Introduction
The active line array project described in these pages is the culmination of many years of part-time line array development, starting with the array described in this article: “Case study #3: A line array with DSP“. That early design has proven to be an excellent music and TV speaker. However, that design was started over 11 years ago, and it is now ready for a technology facelift. The links on this page provide the details of the new circuitry and software that will go into the refreshed line array.

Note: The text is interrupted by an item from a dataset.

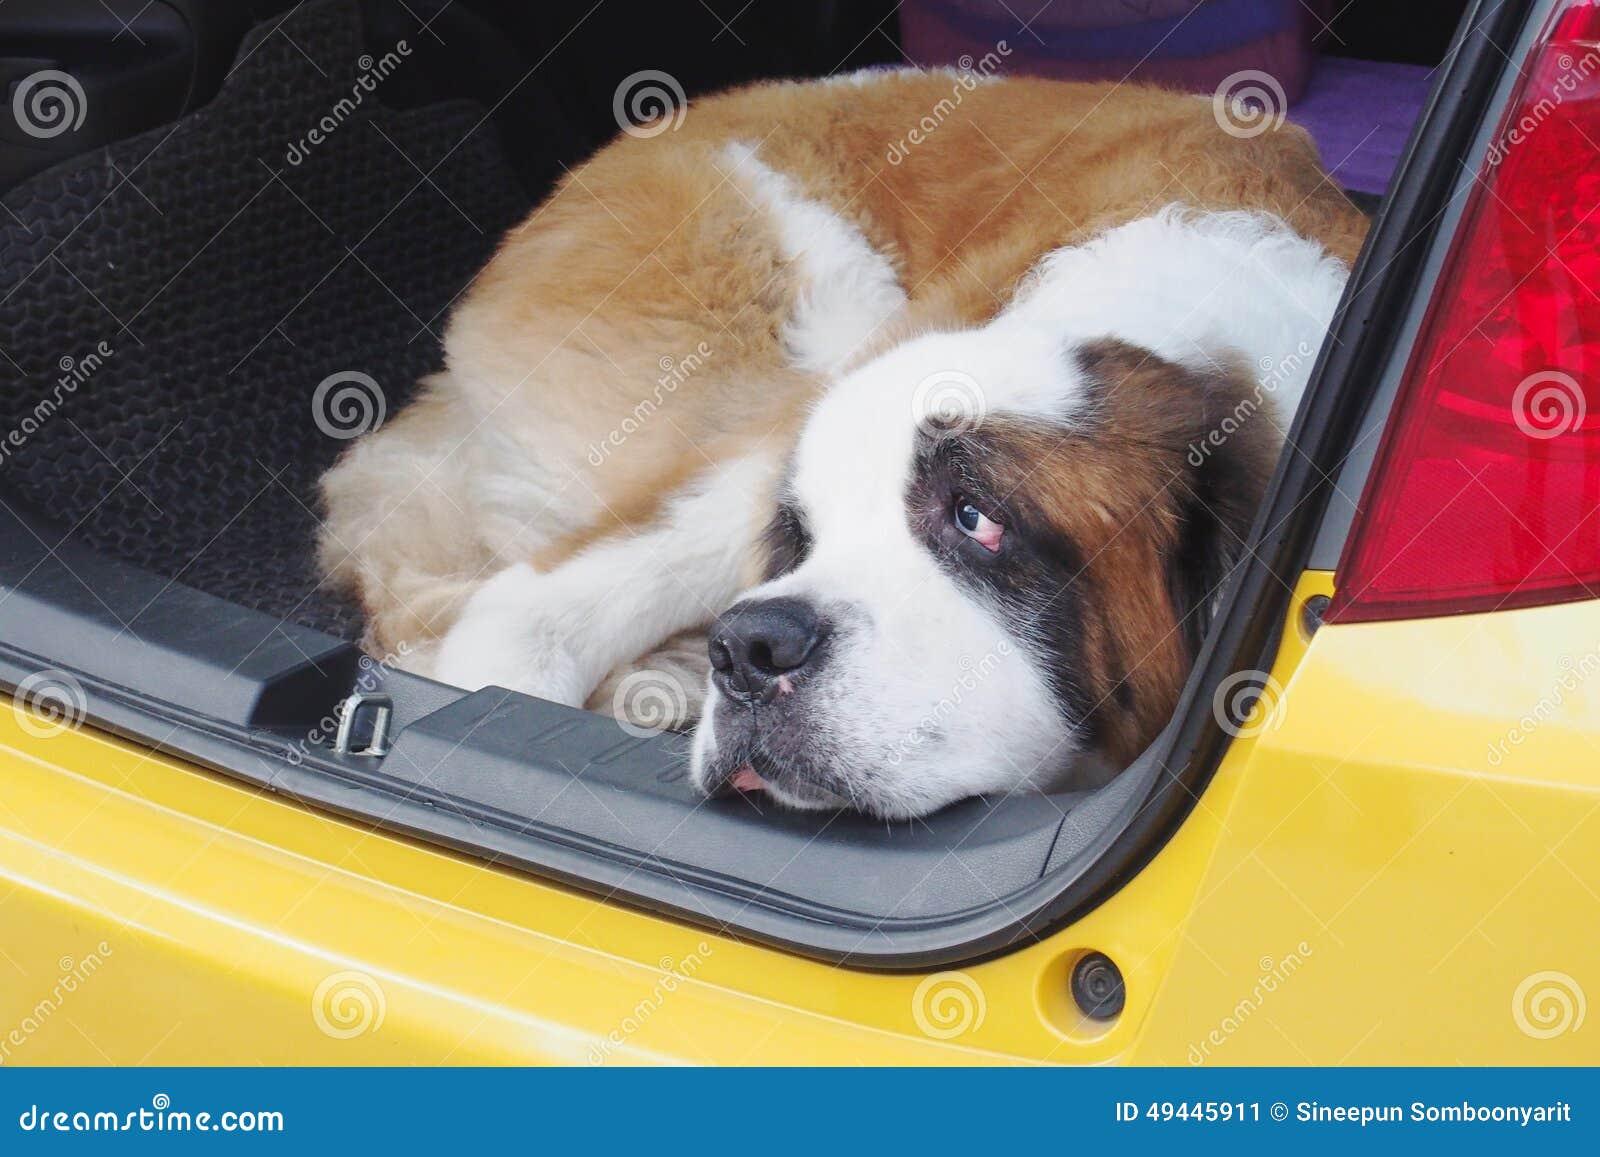 bernhardiner hund der im auto hockt stockbild bild 49445911. Black Bedroom Furniture Sets. Home Design Ideas

I have tried to include enough details of the design to allow others to make their own active line arrays. That means providing the PCB project files, schematics, Sigma Studio code, Arduino code and Android Studio files needed to control the hardware from a cell phone. All of this material will be made available in the pages linked from this top-level outline. There are no restrictions on its use other than you must understand that much of this design was done quickly and in many cases is in need of refinement, editing, refactoring and other improvements. You will be looking at an experimenter’s notebook, not a proven commercial product. Also, please understand that the information is presented “as-is” and that I have limited time to respond to questions.
Rationale
why active line arrays are good. DSP with lots of amps make constant directivity possible. DSP also makes open baffle much easier.
Design overview
The overall design goals and block diagram are presented on this page, along with a brief description of how this speaker can be used in the home. The individual components on the block diagram are discussed in the links in the next section. The software that controls the DSP is discussed in a section that follows.
Electronics
— Amps
The amplifiers for the midrange and tweeters in a line array do not require much power, and there are quite a few single-chip solutions that can be used for the active line array, but a standout solution is the SSM3582. This page details the PCB design and construction of a modular 4-channel board based on the SSM3582 that is a little over 2 square inches. This page also includes a snippet of C++ code that shows how these chips are initialized.
— Motherboard
We need a motherboard to connect the amplifiers to the DSP and to connect the DSP to MCU. Also, we need some I/O circuitry and connectors to bring in audio and control. This page describes both the early prototype based on the ADAU1466 DSP and a later prototype based on the ADAU1467 DSP.
— DSP
With at least 20 channels of audio that need to be updated every audio sample, we need a capable digital signal processor (DSP). This page provides an overview of the DSP processing for the active line array and documents the design and construction of one of the DSP boards. The actual DSP “program” that runs on the DSP is detailed in a later section, under “Software”.
— MCU
Hmmm…a fair question is: do I really need or want a computer in my speakers? The answer is no, you don’t need it, but you will probably want it. This page explains what the microcontroller does in the active line array, and why it is more useful than you might expect.
— Other Modules
There are a couple of power supplies and purchased modules that are detailed on this page.
Software
— Software Overview
The software overview page describes the various software environments and how the different types of software interact. It also provides a lame excuse for not using Github to host the code.
— SigmaStudio “Code”
The SigmaStudio code for the active line array is shown on this page. The graphical tool allows building the DSP processing threads, but you will also need to understand how to set the registers using SigmaStudio.
— Arduino Software
The Arduino code has undergone many revisions and transformations, as it has been adapted for small speakers using adau1701 DSP chips and more ambitious line arrays with the ADAU146X DSP chips. The description of the code is separated into two parts, and there is an overview that ties the two parts together. Part 1 is the core functionality of controlling the DSP chip and the “new” interface to control the DSP functions. Part 2 describes the menu system and integrated HCI, and it describes how the state of the DSP is saved and restored.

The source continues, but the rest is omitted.